Mineral Processing Instruments
Mineral Processing Instruments
Introduction
Mineral
processing can involve four general types of unit operation, Such as
comminution – particle size
reduction, sizing –
separation of particle
sizes by screening
or classification; concentration
by taking advantage of
physical and surface
chemical properties; and
dewatering – solid/liquid separation. In all of these
processes, the most important considerations are the economics of the
processes and this
is dictated by
the grade and recovery of
the final product.
To do this,
the mineralogy of the ore needs to be considered as this dictates the
amount of liberation required and the processes that can occur.

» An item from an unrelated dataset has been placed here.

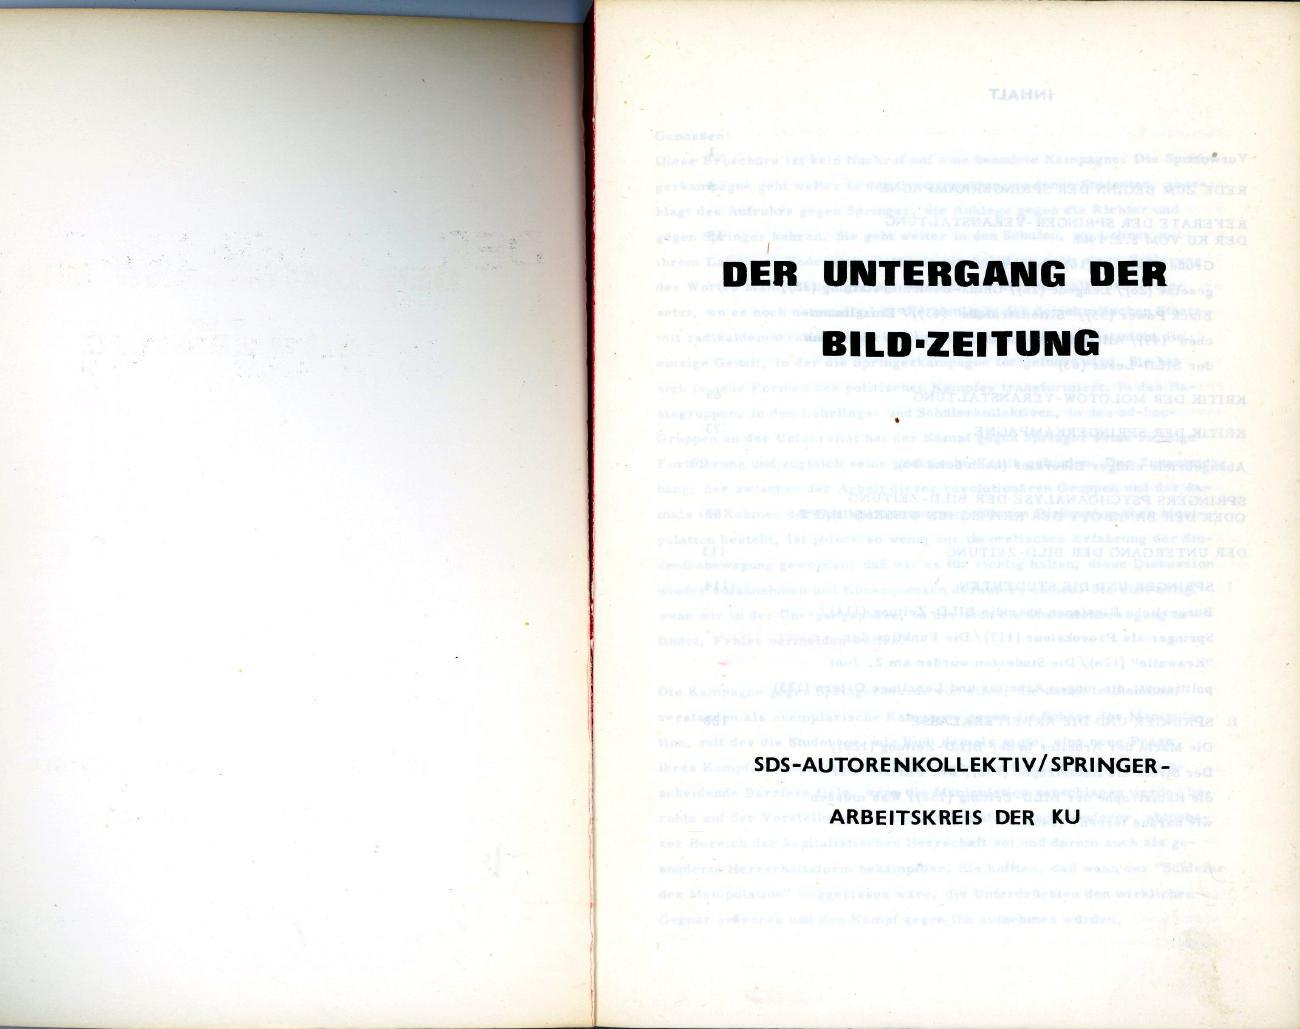 Berlin_SDS_1969_Bildzeitung_02

The smaller the
particles processes, the greater the theoretical grade and recovery of the
final product, but this however is difficult to do with fine particles as they
prevent certain concentration processes
from occurring. In this process, physical
and chemical methods of minerals are used as above mentioned. And several
methods are used for different applications and different minerals
- Comminution
- Sizing
- Concentration
- Gravity concentration
- Froth Flotation
- Electrostatic separation
- Magnetic separation
- Automated Ore Sorting
- Dewatering
For above
methods, different machines and instruments are used. Crushers, Mills, Spirals,
Sinking Tables, Magnetic separators, Vibrators and so on. Following chapters
will briefly explained about the
machines and instruments
which we can
find at the
Mineral Processing Laboratory
at Department of Earth Resource Engineering in Moratuwa University.
Jaw crusher
Jaw crushers
are often used as primary crushers and
are perhaps the most popular crusher worldwide. These compressive crushers are
suitable for most any type of material. In this type of crusher, reduction
takes place between a stationary jaw plate and a moving jaw plate. The moving
jaw plate is mounted on the pitman, which is given a reciprocating motion.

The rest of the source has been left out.